Exercise instructions
Only the lines from the one that contains "Keith Urban complements" through the last line of the data below should be duplicated, exactly and without pictures.

Supplied material

↓

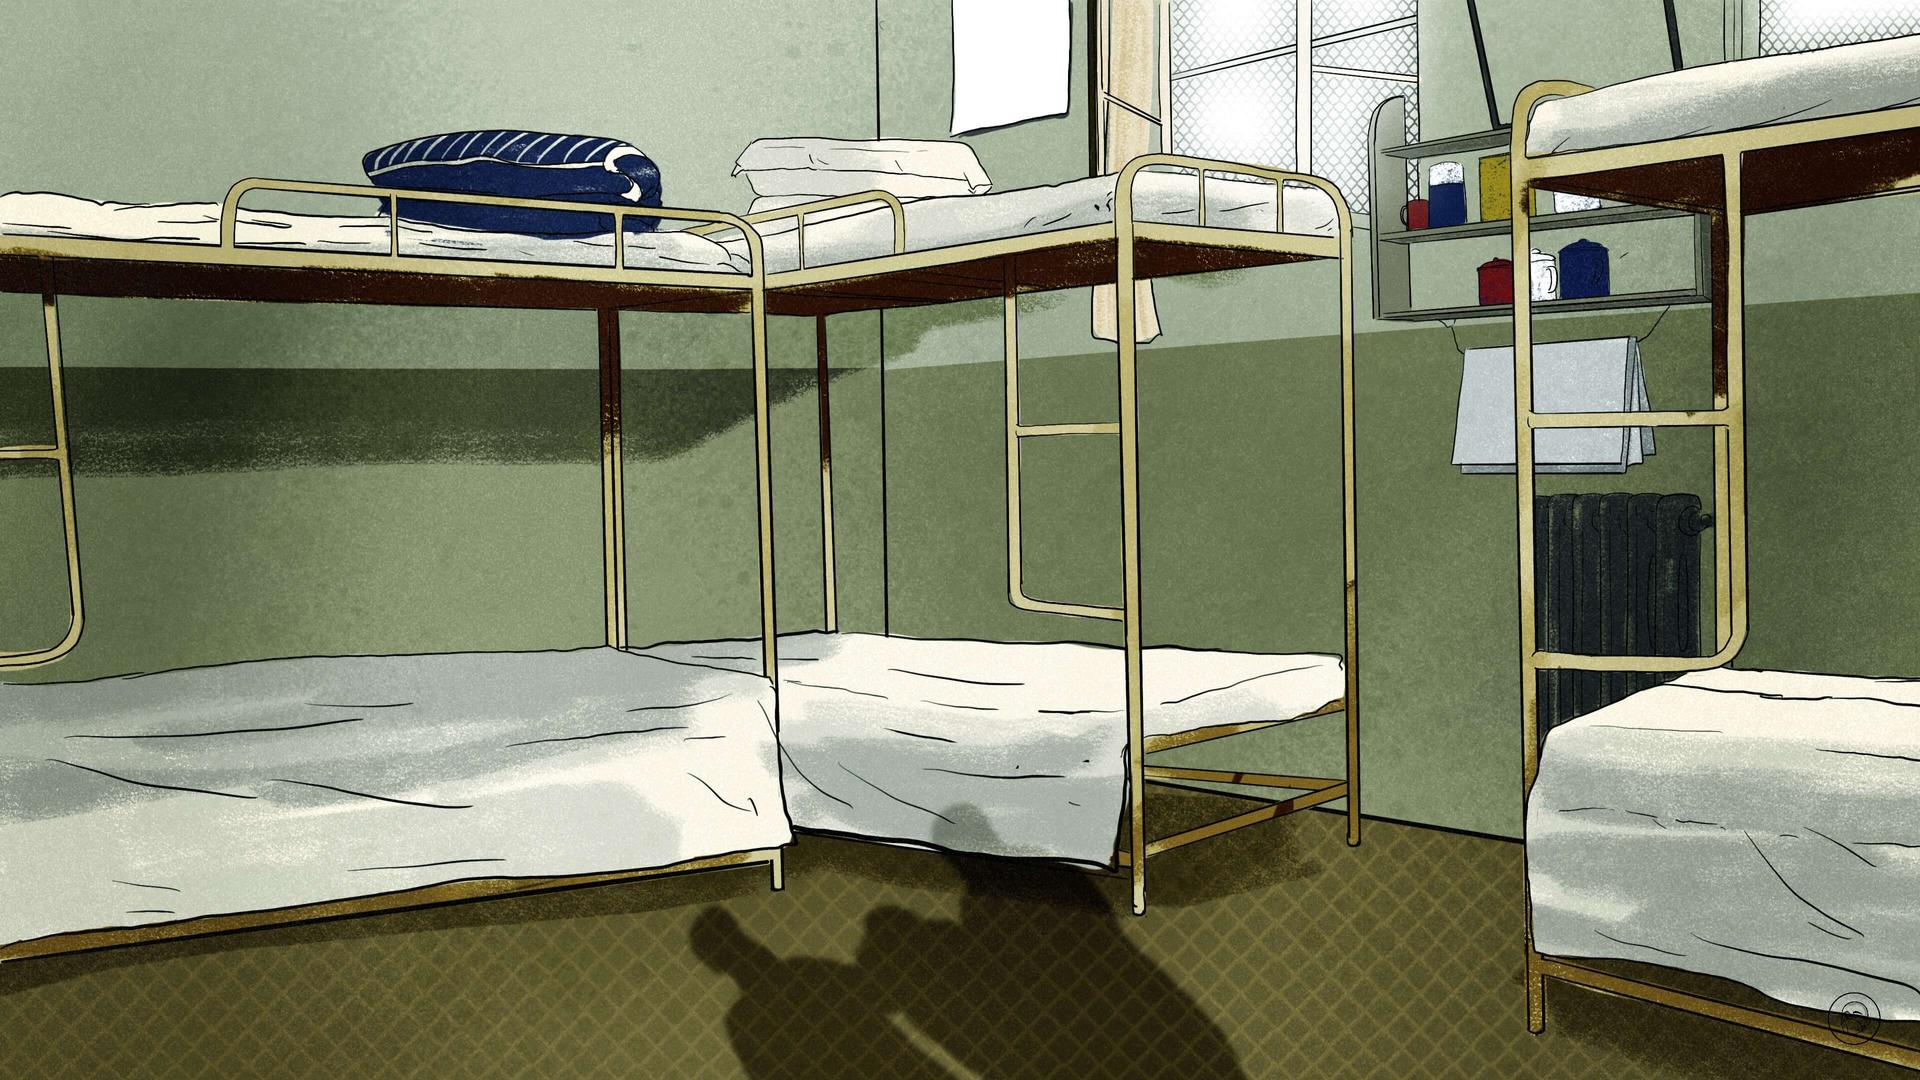 An illustration by Alex Santafe depicting dormitory with bunkbeds
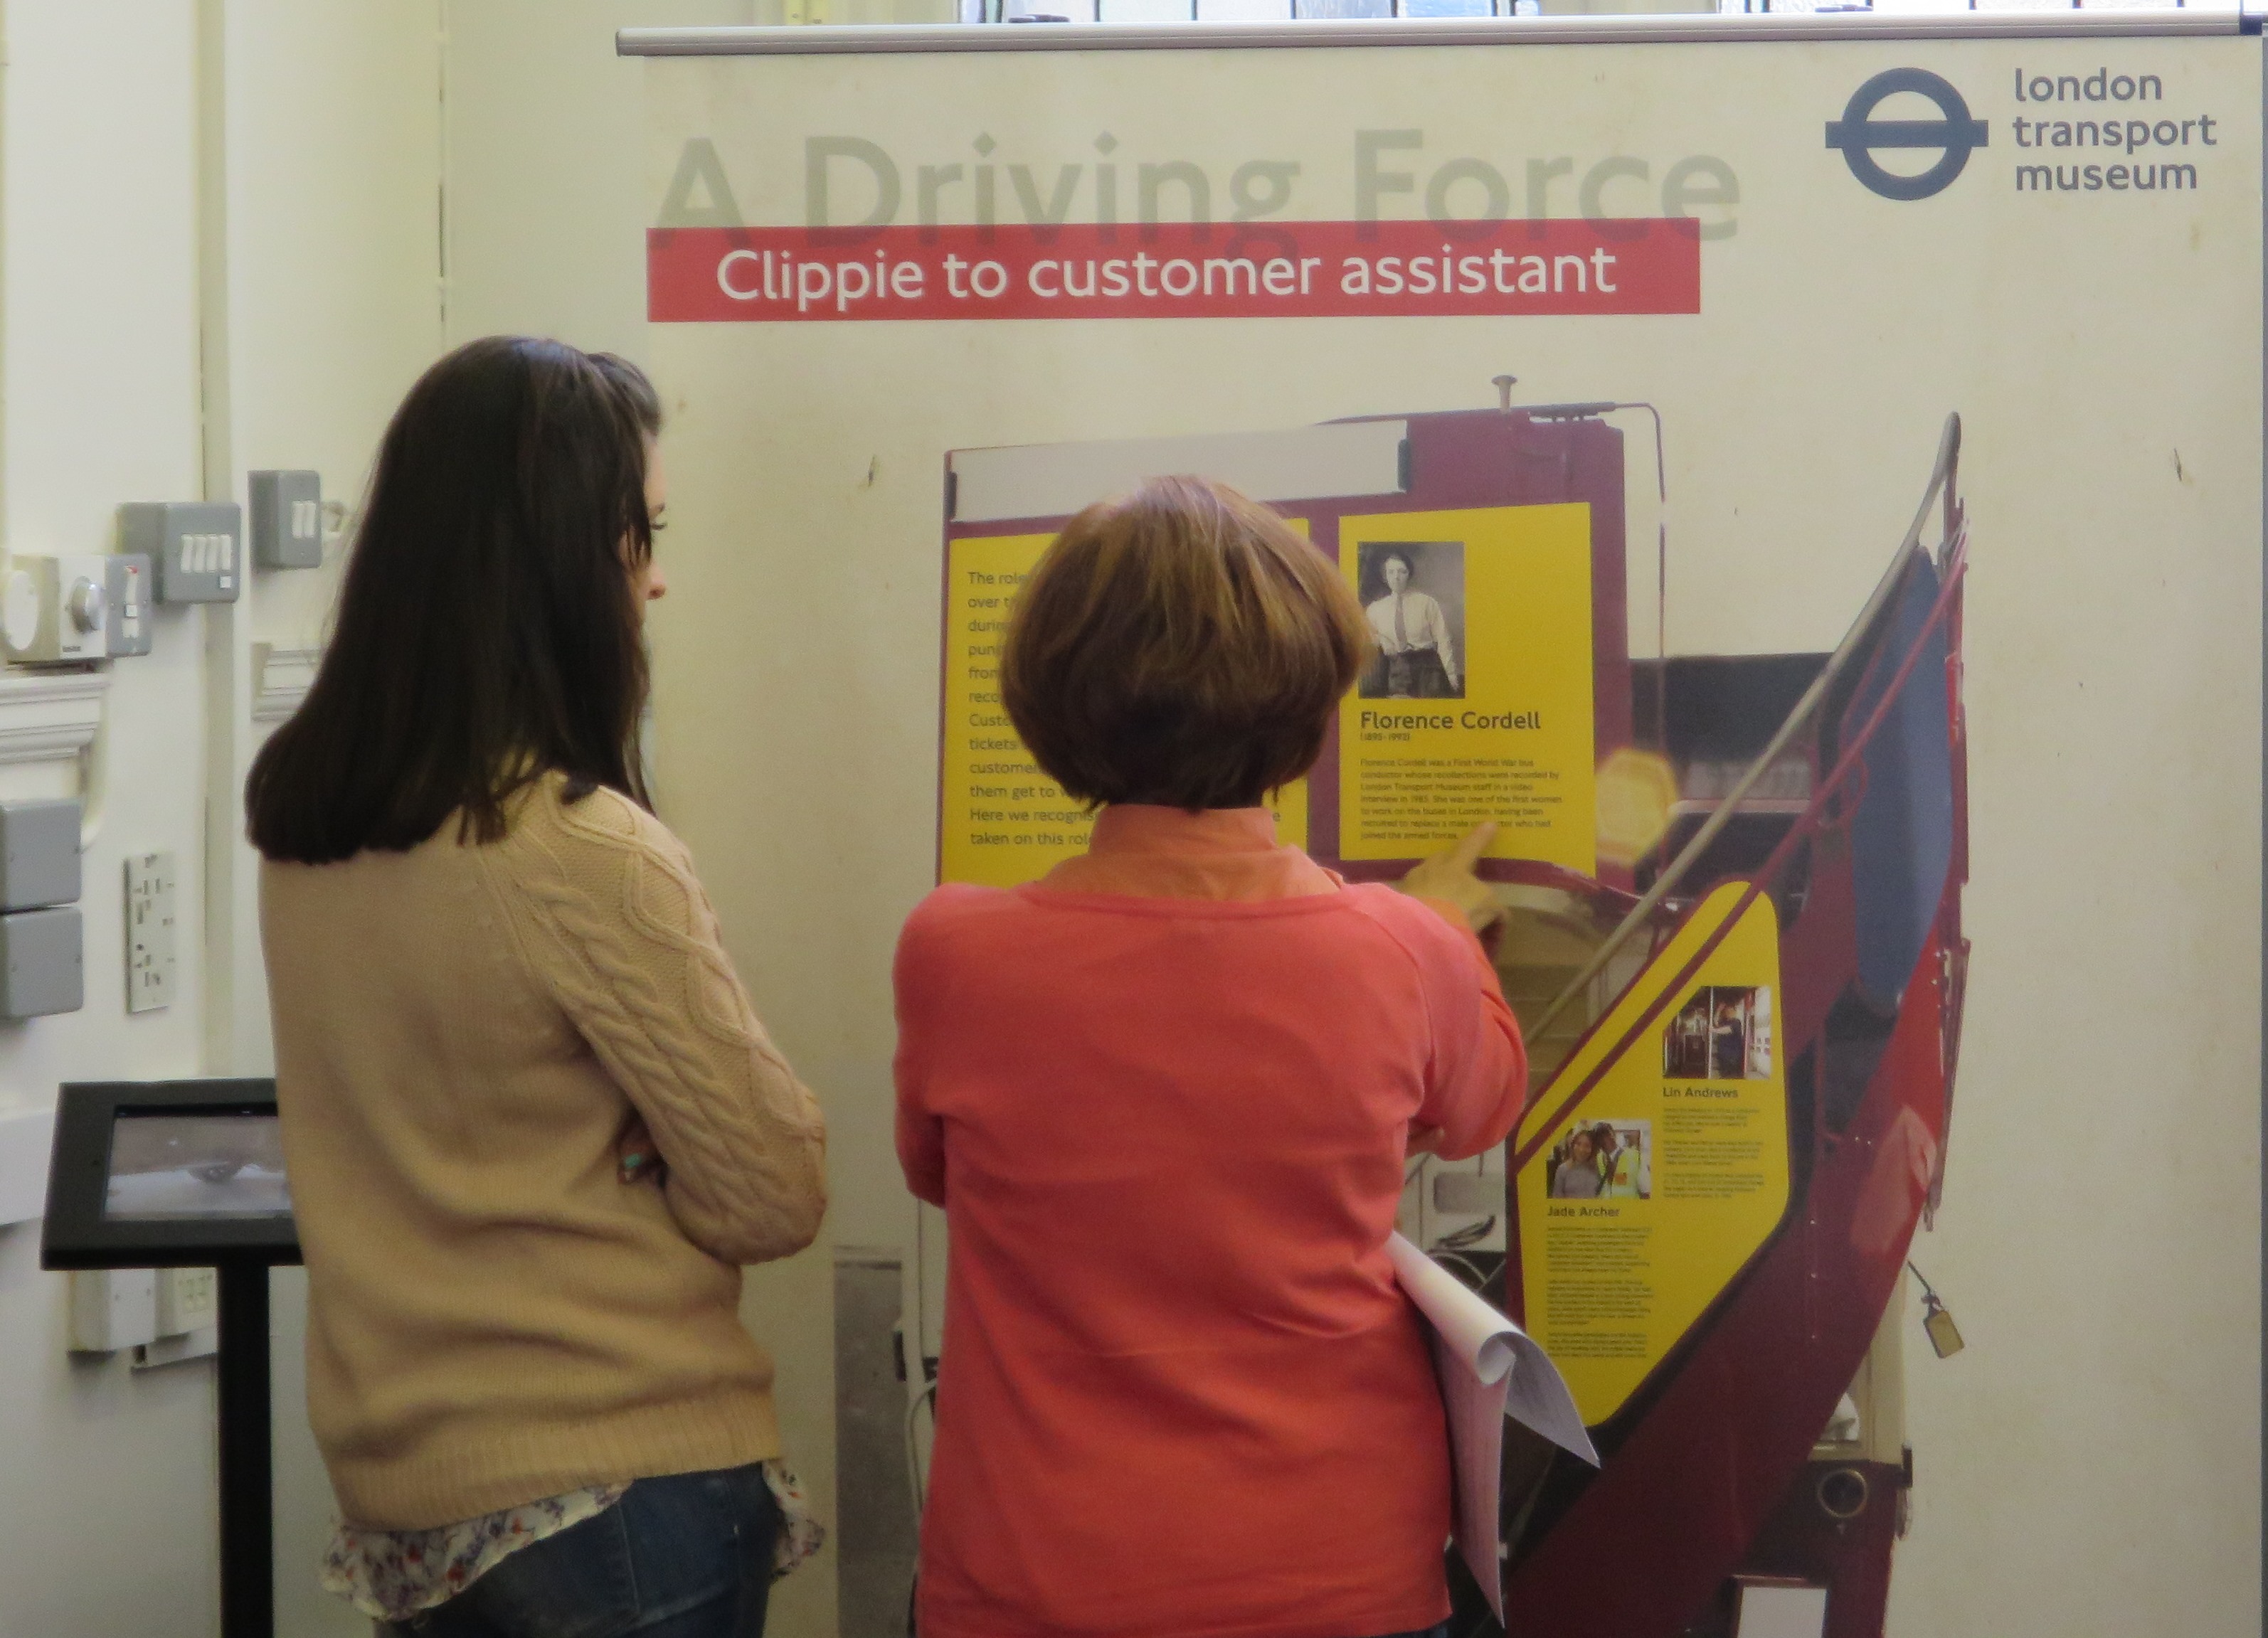 Learning about the women at the heart of London Transport.
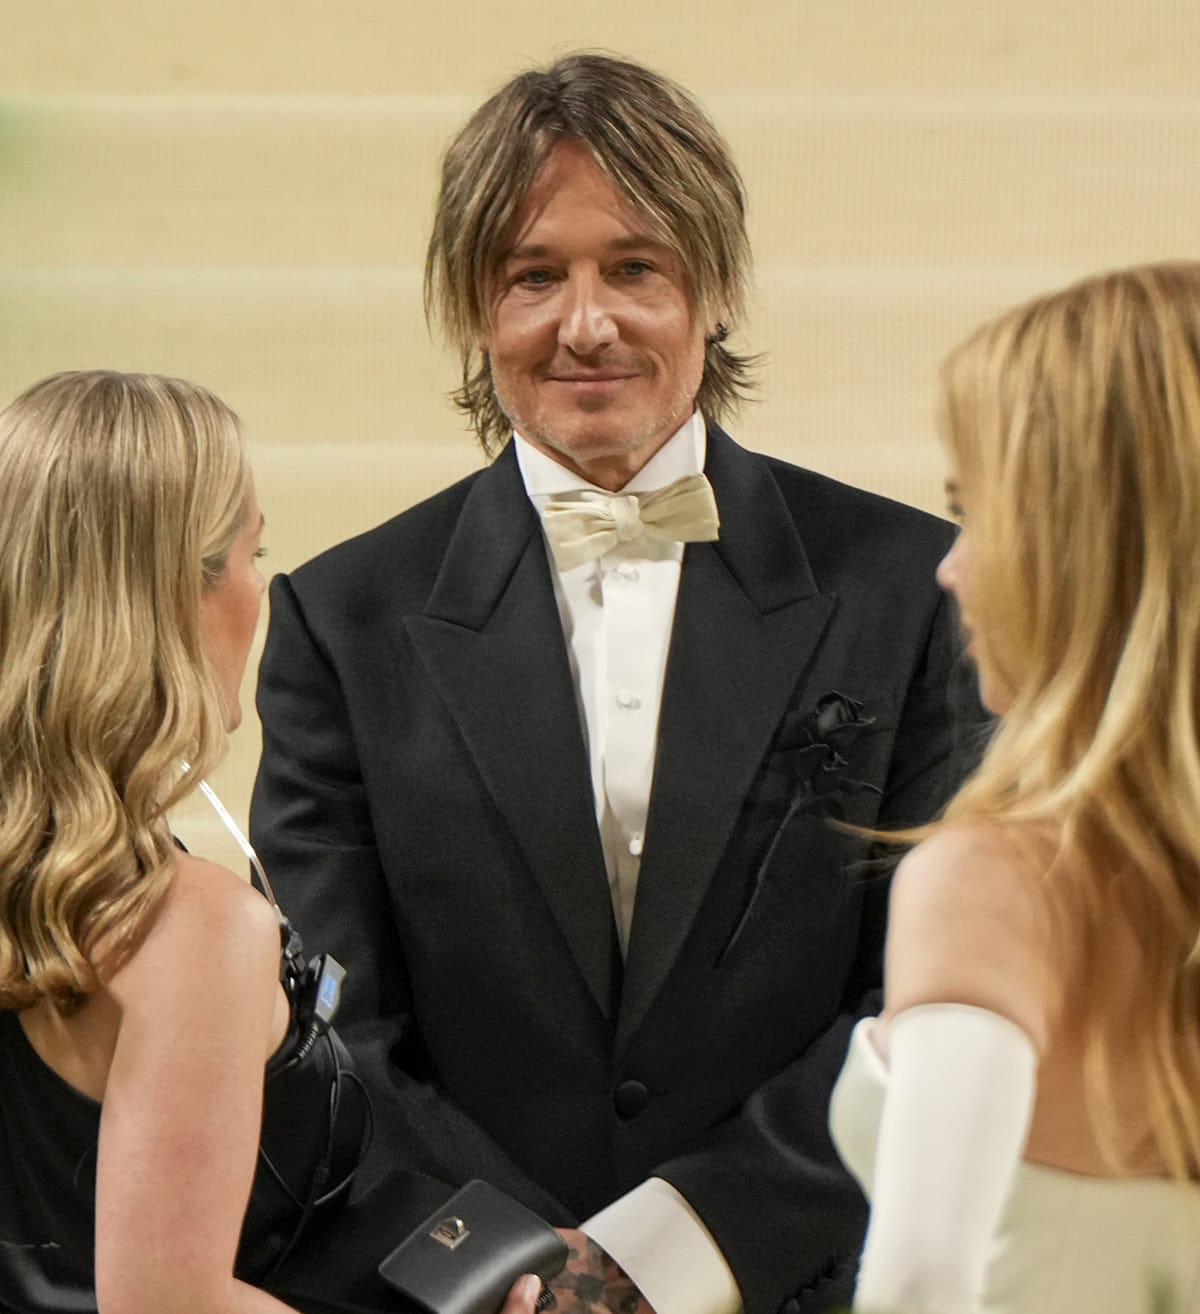 Keith Urban complements his wife in a black-and-white tuxedo suit with a black rose as a nod to the evening's theme
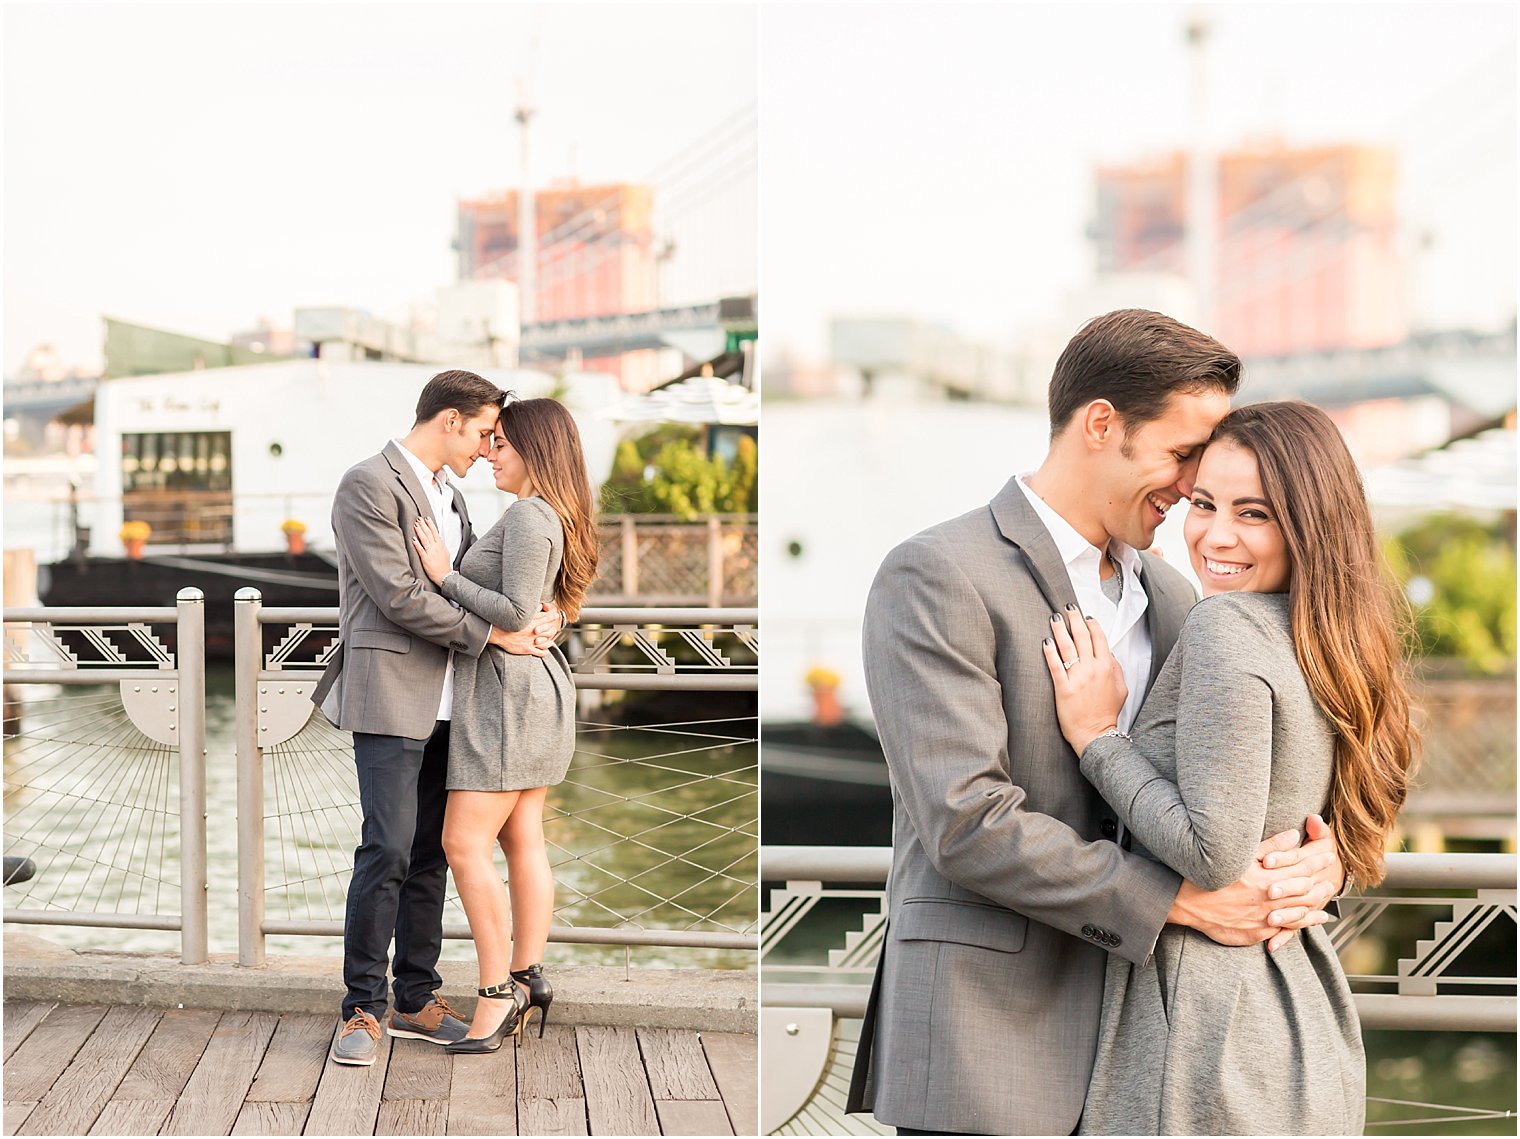 Engagement photos in NYC

↑

Expected output
 Keith Urban complements his wife in a black-and-white tuxedo suit with a black rose as a nod to the evening's theme
 Engagement photos in NYC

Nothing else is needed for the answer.